Linear mixed model: starling example

Data from Toby Marthews, r-sig-mixed-models mailing list:

load("starling.RData") 
library(ggplot2)
library(grid)
theme_set(theme_bw())
## squash panels together (need grid package loaded)
zmargin <- theme(panel.margin=unit(0,"lines"))
ggplot(dataf,aes(mnth,stmass))+
  geom_point()+
  geom_line(aes(group=subject))+
  facet_grid(.~roostsitu)+
  zmargin

plot of chunk starling1

You could also try

ggplot(dataf,aes(mnth,stmass,colour=roostsitu))+
  geom_point()+
  geom_line(aes(group=subject))

but I find the former more pleasant to look at.

It's pretty obvious that the starting (November) mass varies among roost situations (tree/nest-box/etc.), and that mass increases from November to January, but we might like to know if the slopes differ among situations. That means our fixed effects would be ~roostsitu*month, with our attention focused on the roostsitu:month (interaction) term. For random effects, we can allow both intercept (obviously) and slope (maybe) to vary among individuals, via ~1+mnth|subject or equivalent … in this case, because measurements are only taken in two months, we could also write the random term as ~1|subject/mnth. However, it turns out that we can't actually estimate random slopes for this model, because every individual is only measured twice. That means that the variance in the slopes would be completely confounded with the residual variance (I only figured this out when I went to run the model in lme4 and it complained: lme gave me an answer, but (as we shall see) it didn't necessarily make sense …

library(nlme)
lme1 <- lme(stmass~mnth*roostsitu,
  random=~1|subject/mnth,data=dataf)

The variance components apparently make sense: look at VarCorr(lme1). However, if we try to get the approximate confidence intervals via intervals(lme1,which="var-cov") we get an error: cannot get confidence intervals on var-cov components: Non-positive definite approximate variance-covariance. This is a bad sign.
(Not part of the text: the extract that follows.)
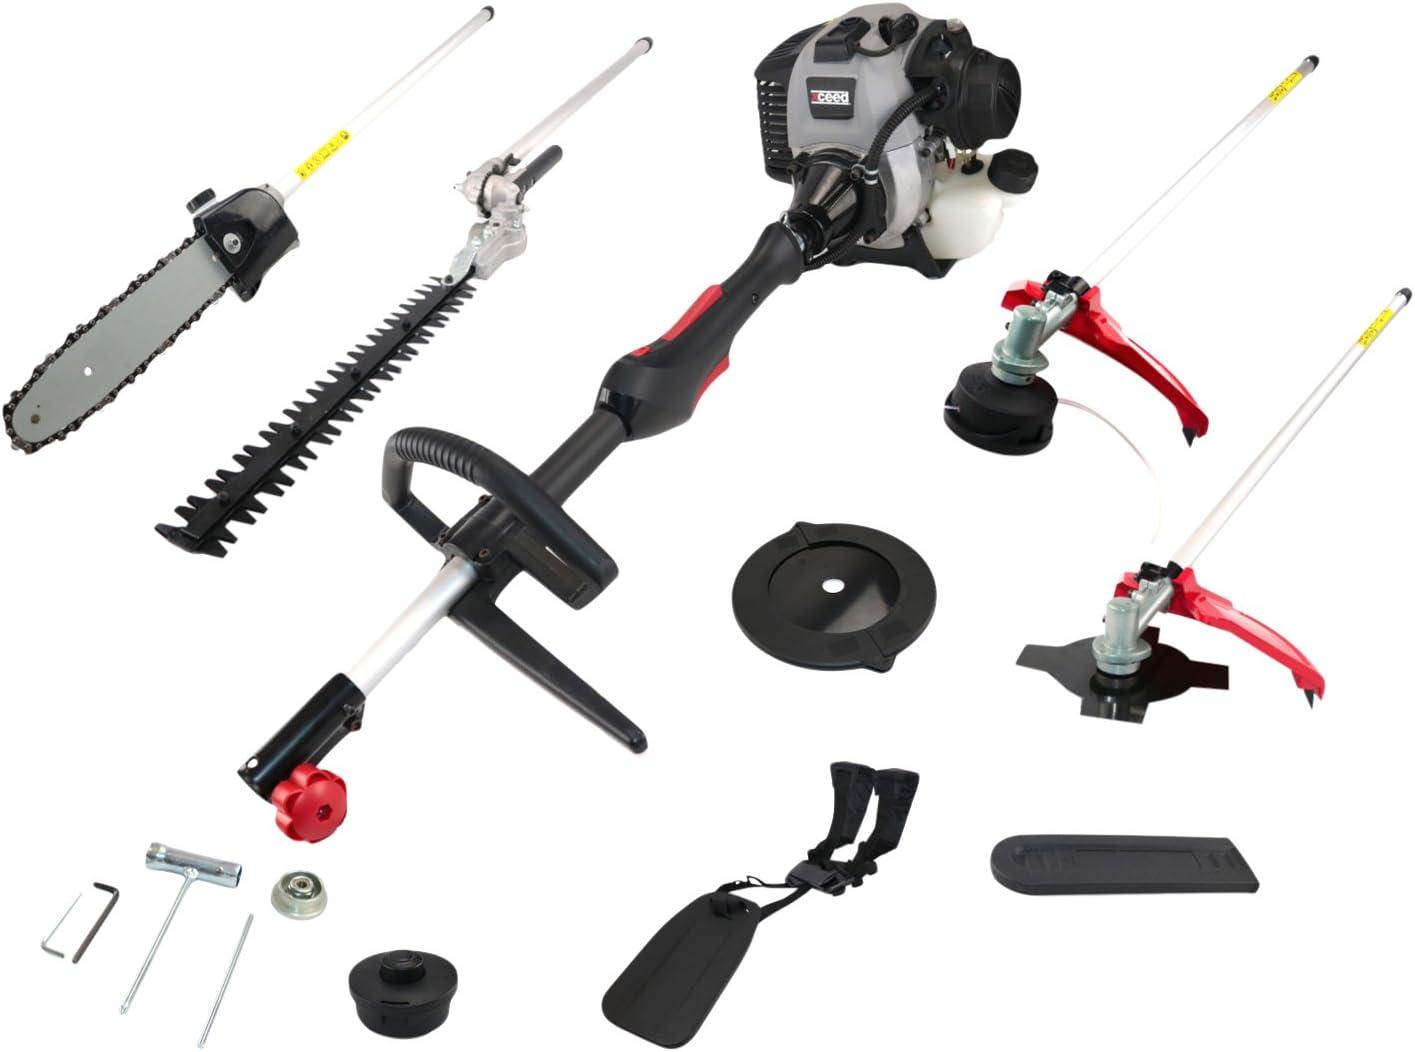 Xceed EX52BC Multiherramienta de jardín 55cc 4 en 1: cortabordes/desbrozadora/cortasetos/motosierra: Amazon.es: Bricolaje y herramientas

lme2 <- lme(stmass~mnth*roostsitu,random=~1|subject,data=dataf)

We can now get estimates, although the subject-level random effects are very uncertain: see intervals(lme2,which="var-cov") (we may investigate this further in a future lab).
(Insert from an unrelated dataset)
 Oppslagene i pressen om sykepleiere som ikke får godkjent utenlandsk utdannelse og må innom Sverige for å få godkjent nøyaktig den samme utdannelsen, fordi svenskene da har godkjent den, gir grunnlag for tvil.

Notice that the new residual variance is the same as the old subject-by-month variance plus the old residual variance, and the subject-level (intercept) variance is (very nearly) identical.
Print out summary(lme2) and try to interpret all the pieces.

Diagnostic plots: fitted vs. residuals, coloured according to the roostsitu variable:

plot(lme2,col=dataf$roostsitu)

plot of chunk lmediag

Q-Q plot (a straight line indicates normality)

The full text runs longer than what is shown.